Toward Zero-Shot User Intent Recognition in Shared Autonomy (2501.08389v1)

Published 14 Jan 2025 in cs.RO and cs.HC

Abstract: A fundamental challenge of shared autonomy is to use high-DoF robots to assist, rather than hinder, humans by first inferring user intent and then empowering the user to achieve their intent. Although successful, prior methods either rely heavily on a priori knowledge of all possible human intents or require many demonstrations and interactions with the human to learn these intents before being able to assist the user. We propose and study a zero-shot, vision-only shared autonomy (VOSA) framework designed to allow robots to use end-effector vision to estimate zero-shot human intents in conjunction with blended control to help humans accomplish manipulation tasks with unknown and dynamically changing object locations. To demonstrate the effectiveness of our VOSA framework, we instantiate a simple version of VOSA on a Kinova Gen3 manipulator and evaluate our system by conducting a user study on three tabletop manipulation tasks. The performance of VOSA matches that of an oracle baseline model that receives privileged knowledge of possible human intents while also requiring significantly less effort than unassisted teleoperation. In more realistic settings, where the set of possible human intents is fully or partially unknown, we demonstrate that VOSA requires less human effort and time than baseline approaches while being preferred by a majority of the participants. Our results demonstrate the efficacy and efficiency of using off-the-shelf vision algorithms to enable flexible and beneficial shared control of a robot manipulator.
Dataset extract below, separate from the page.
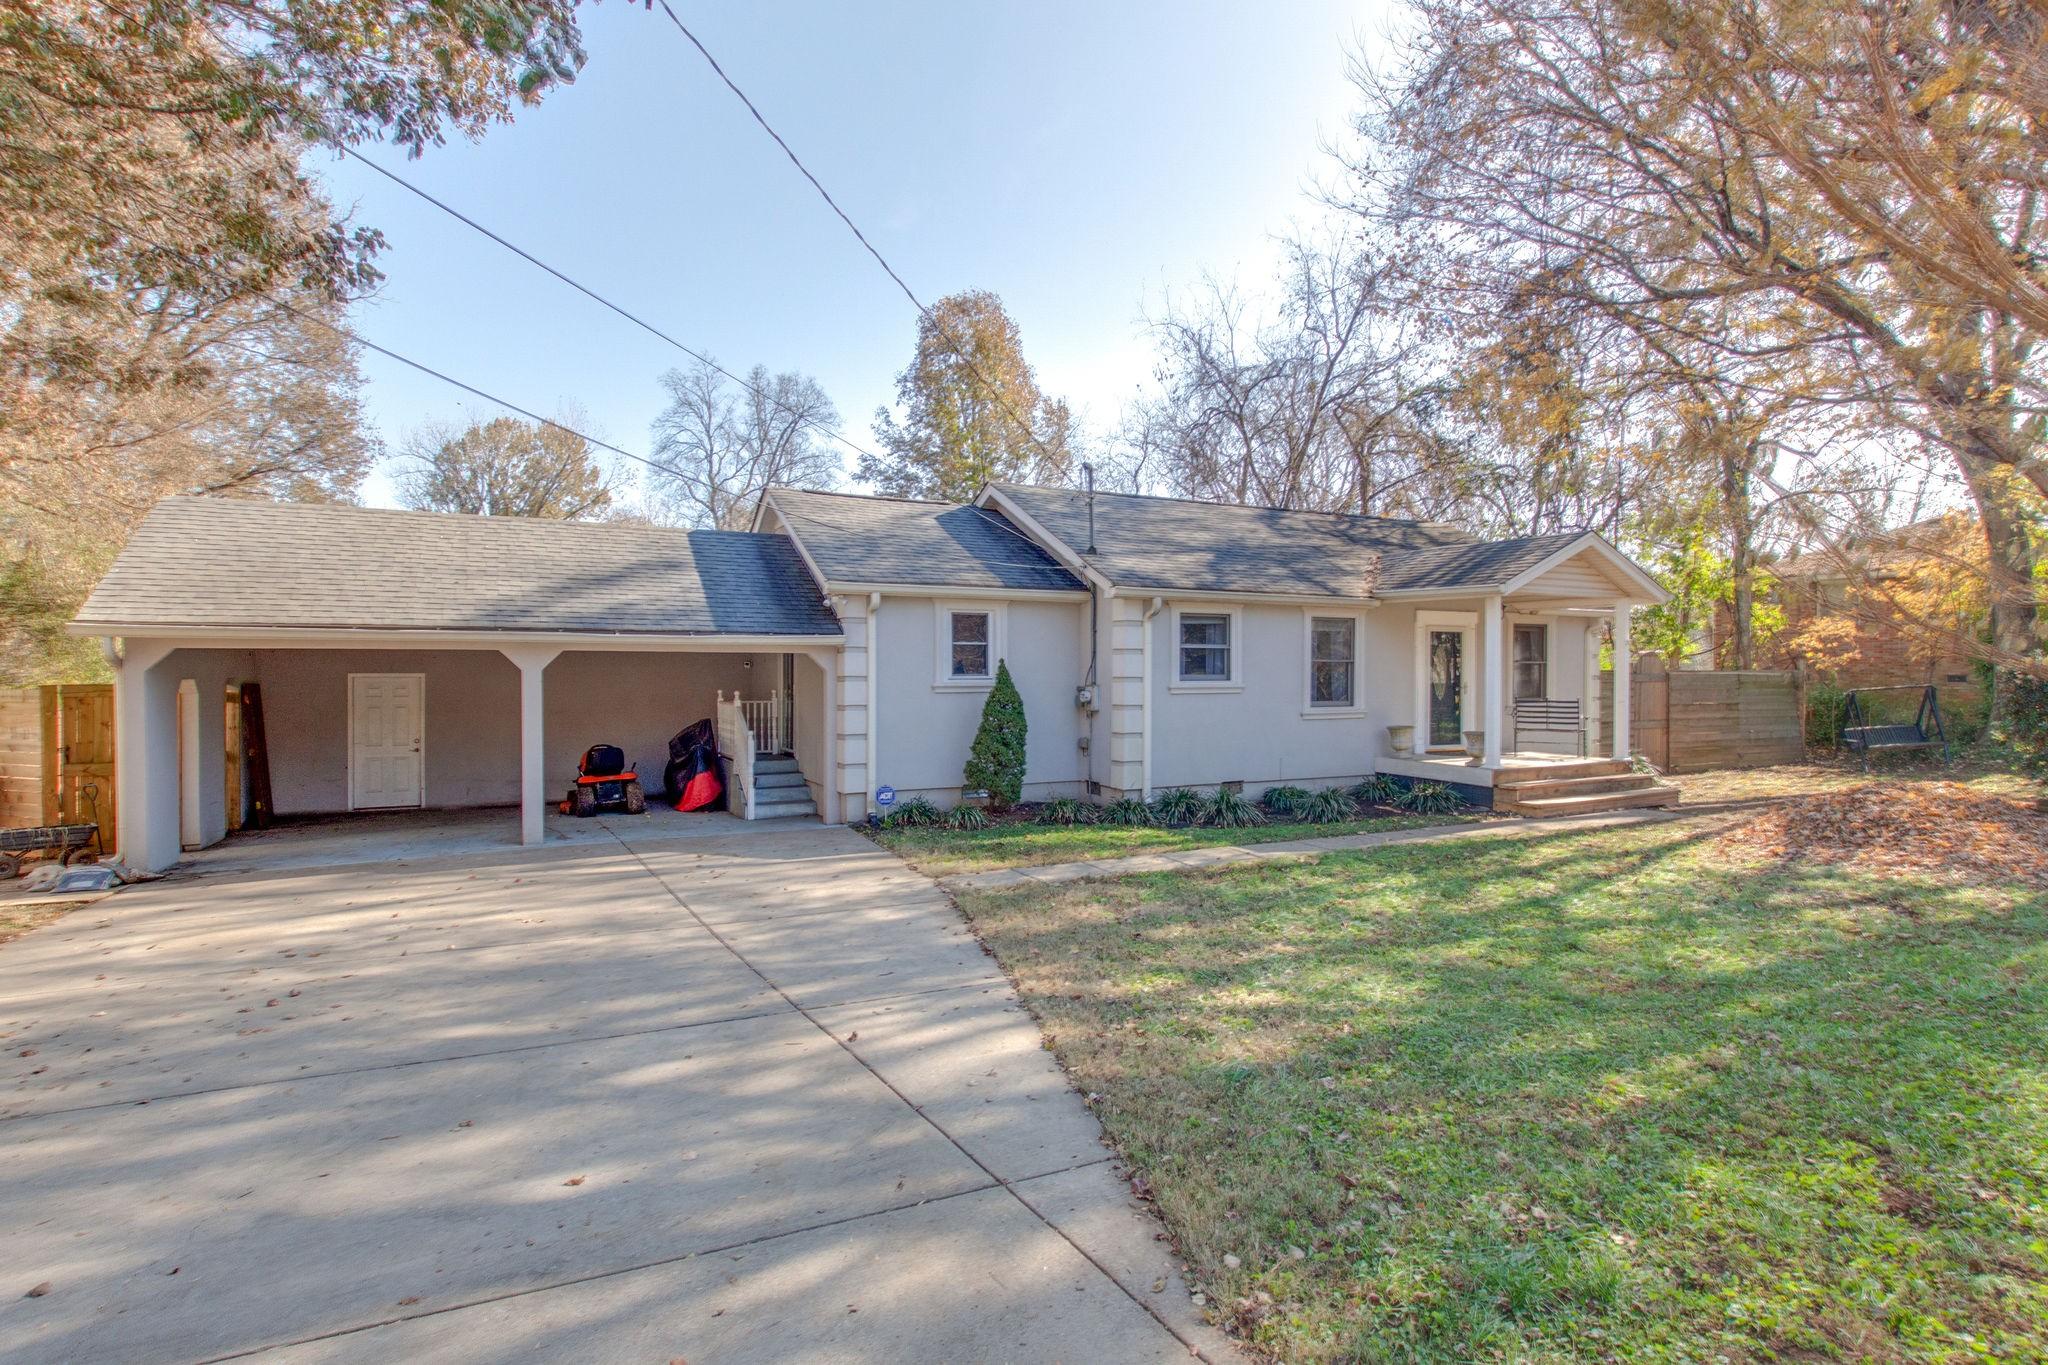 934 Drummond Dr, Nashville, TN 37211 - Nashville, TN real estate listing

Code and videos available here: https://sites.google.com/view/zeroshot-sharedautonomy/home.

Summary

The paper introduces VOSA, a zero-shot, vision-only framework inferring user intent without pretraining for shared autonomy in dynamic environments.
User studies show VOSA matches an oracle baseline and significantly reduces human effort compared to teleoperation, preferred by users in dynamic settings.
This research contributes a novel, efficient, and adaptive shared autonomy framework applicable to real-world dynamic environments, such as assistive robotics.
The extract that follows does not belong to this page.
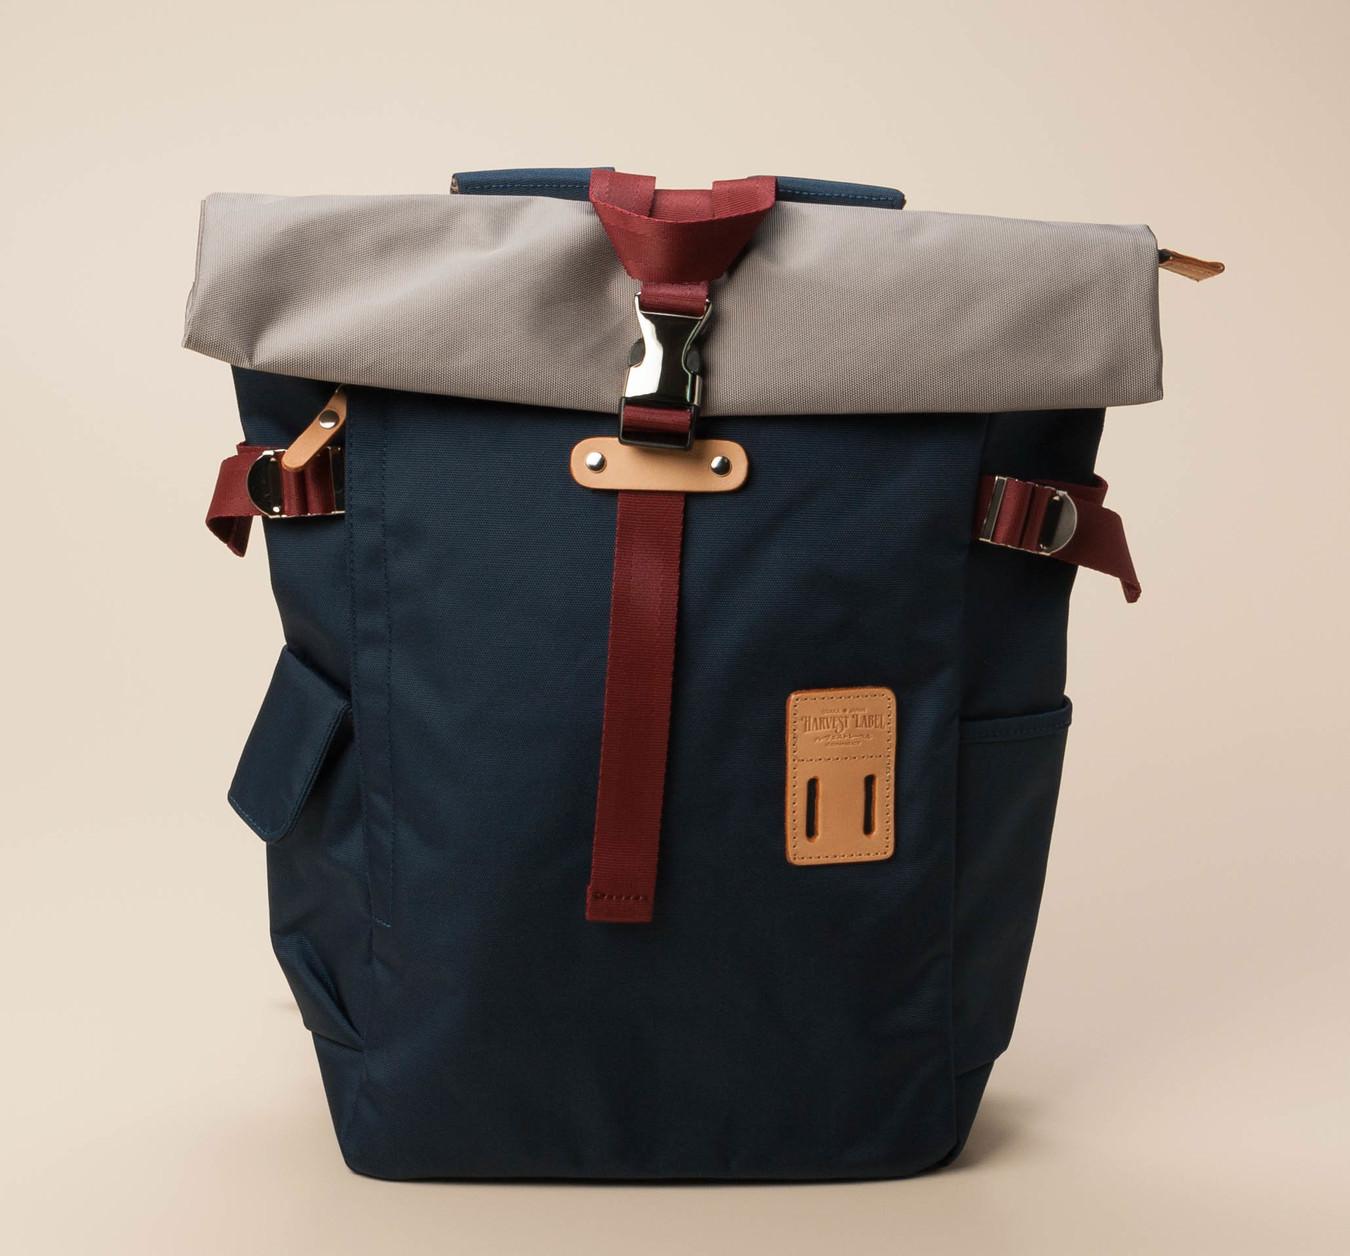 84ad551e113dc Harvest Label Damen-Acces. Rucksack in dunkelblau kaufen

Toward Zero-Shot User Intent Recognition in Shared Autonomy

This paper addresses a significant challenge in the field of shared autonomy: enabling high-degree-of-freedom (DoF) robotic systems to assist users without extensive pretraining or demonstrations. The authors propose a zero-shot, vision-only shared autonomy (VOSA) framework to infer user intent and facilitate task completion, specifically in scenarios with unknown or dynamically changing object locations.

The current shared autonomy paradigms often rely on either a predefined set of possible human intents or the need for significant human-robot interaction and demonstration to learn these intents. This approach can be impractical and limited in dynamic or unforeseen environments. To mitigate these issues, the VOSA framework leverages end-effector vision for zero-shot intent estimation and employs a blended control strategy to assist users in manipulation tasks.

The authors validate the efficacy of their method through empirical evaluation on a Kinova Gen3 manipulator and a user paper involving three tabletop manipulation tasks. The paper results indicate that VOSA not only matches the performance of an oracle baseline, which has privileged access to knowledge about possible human intents, but also requires significantly less human effort compared to traditional teleoperation.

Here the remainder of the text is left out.